▸ **WHAT YOU NEED TO DO**
Starting from the line with "zapatillas salomon argentina", please copy exactly every line to the end of the listing, but not the pictures.

▸ **DATASET EXCERPT**
········

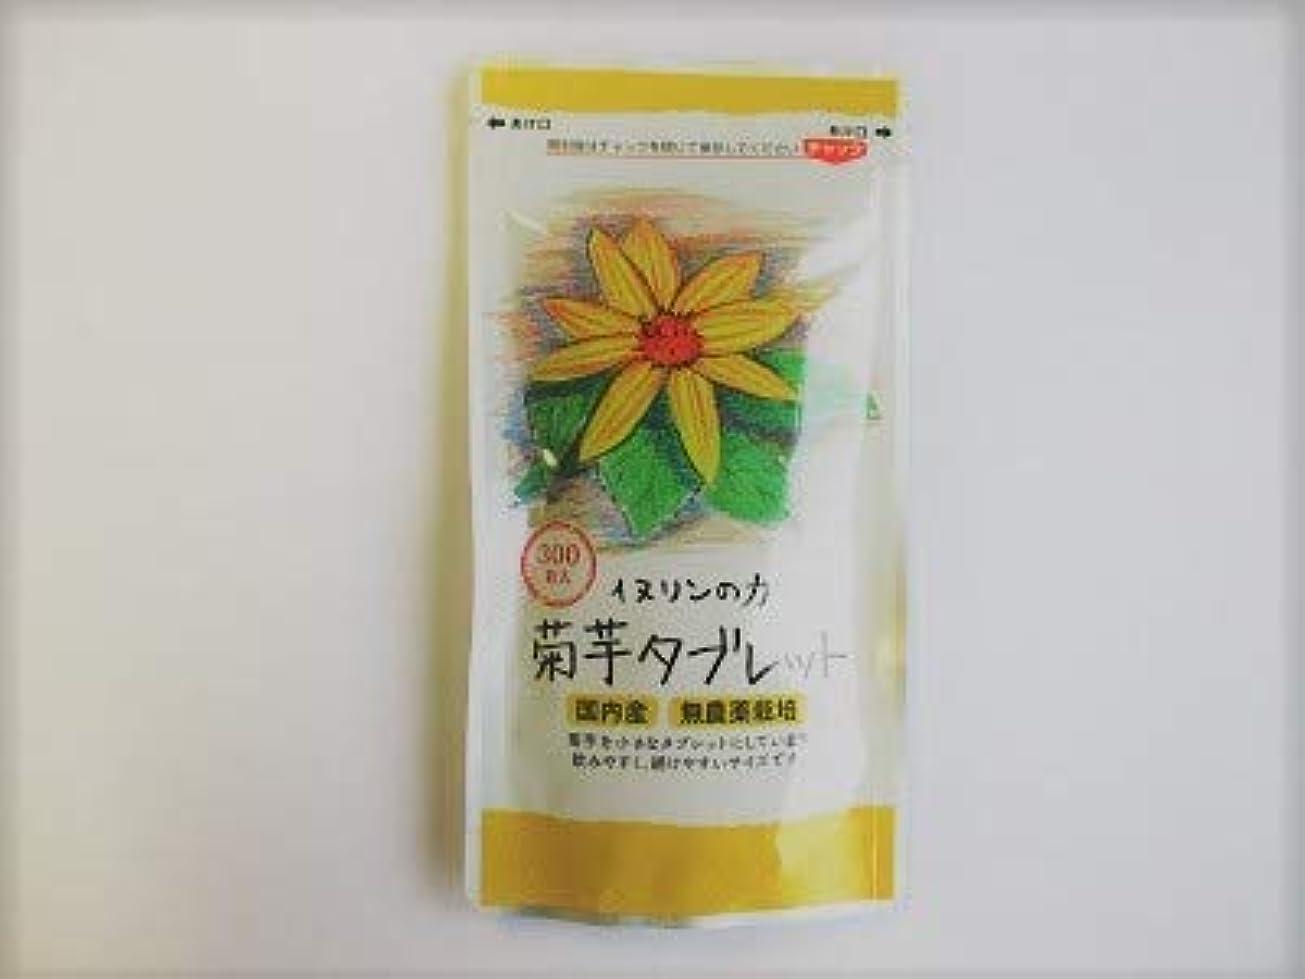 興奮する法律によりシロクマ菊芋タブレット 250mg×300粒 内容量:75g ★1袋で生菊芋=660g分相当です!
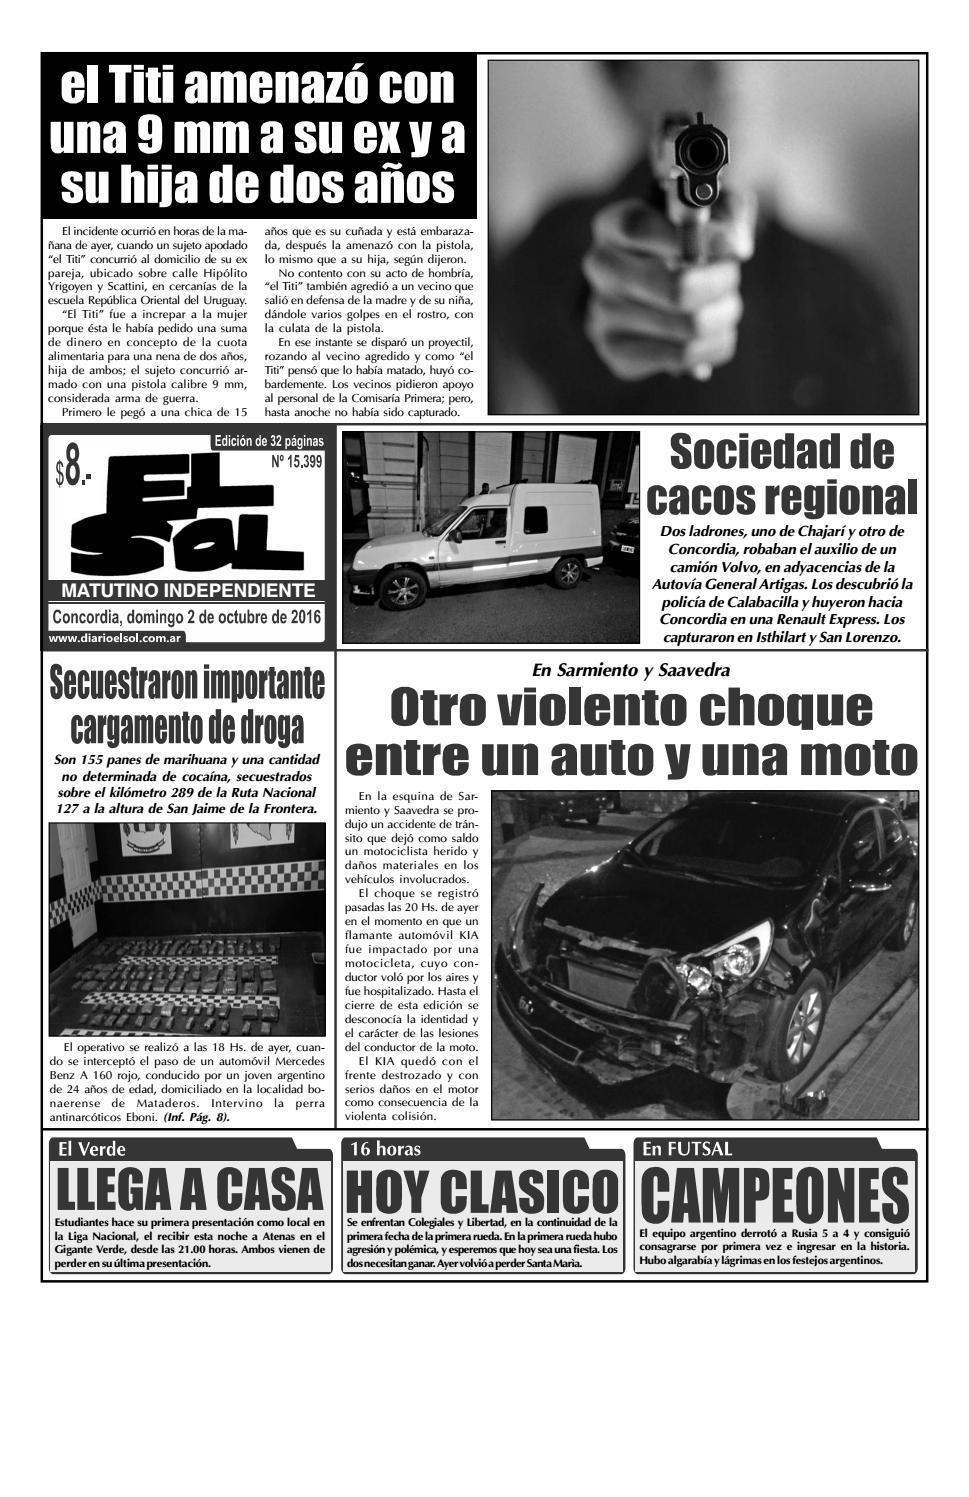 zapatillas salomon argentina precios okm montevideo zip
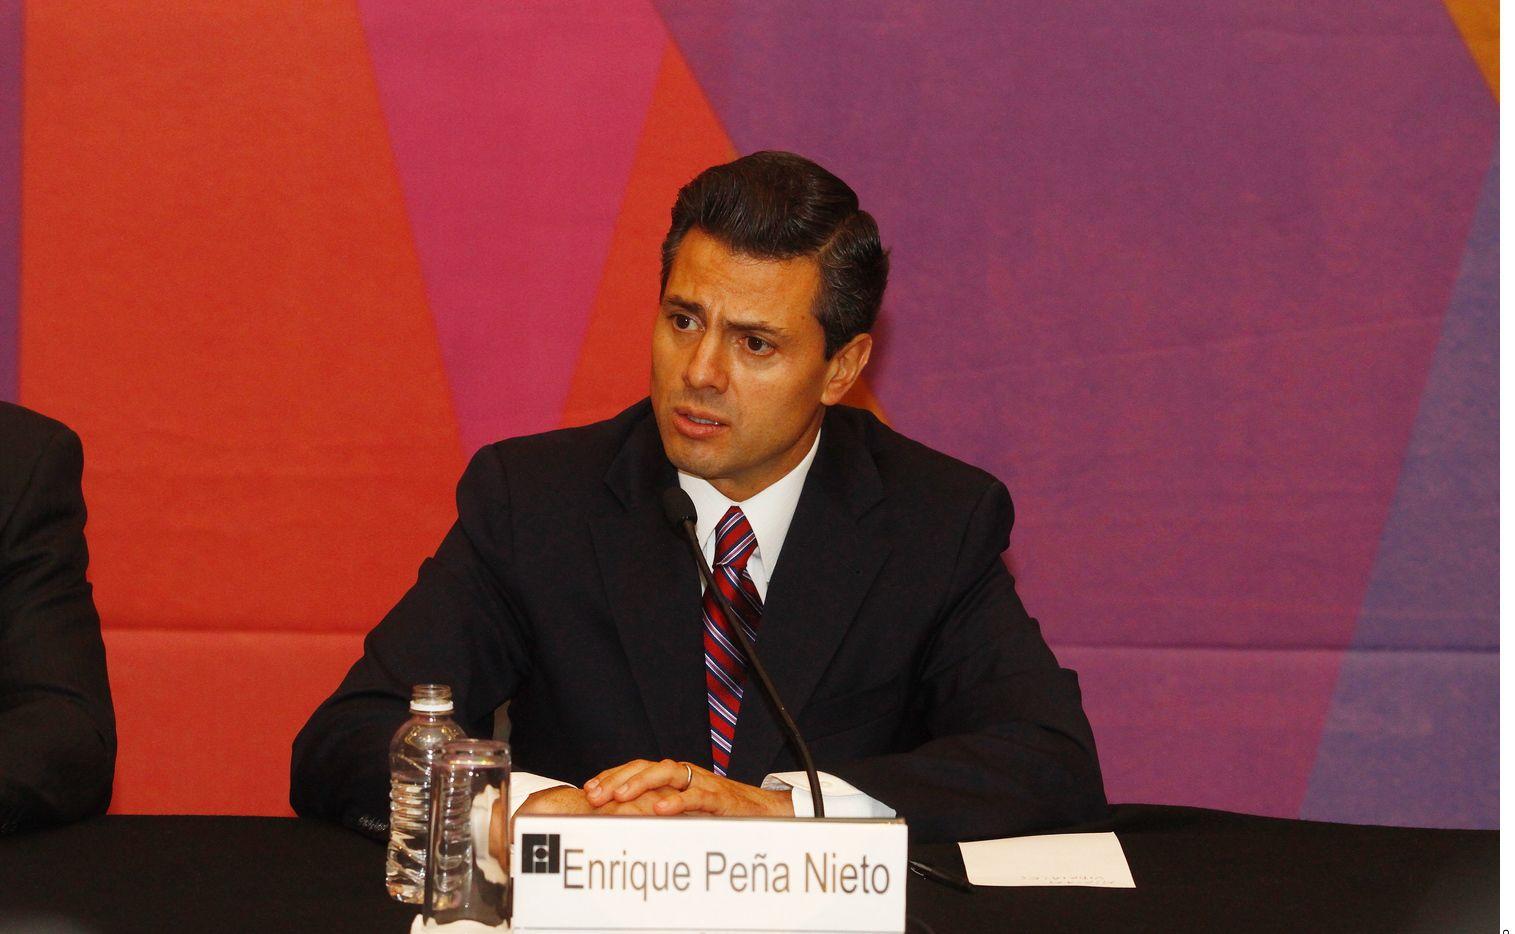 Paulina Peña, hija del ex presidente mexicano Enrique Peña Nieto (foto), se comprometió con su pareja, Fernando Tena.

········

▸ **ANSWER BOX**
 zapatillas salomon argentina precios okm montevideo zip
 Paulina Peña, hija del ex presidente mexicano Enrique Peña Nieto (foto), se comprometió con su pareja, Fernando Tena.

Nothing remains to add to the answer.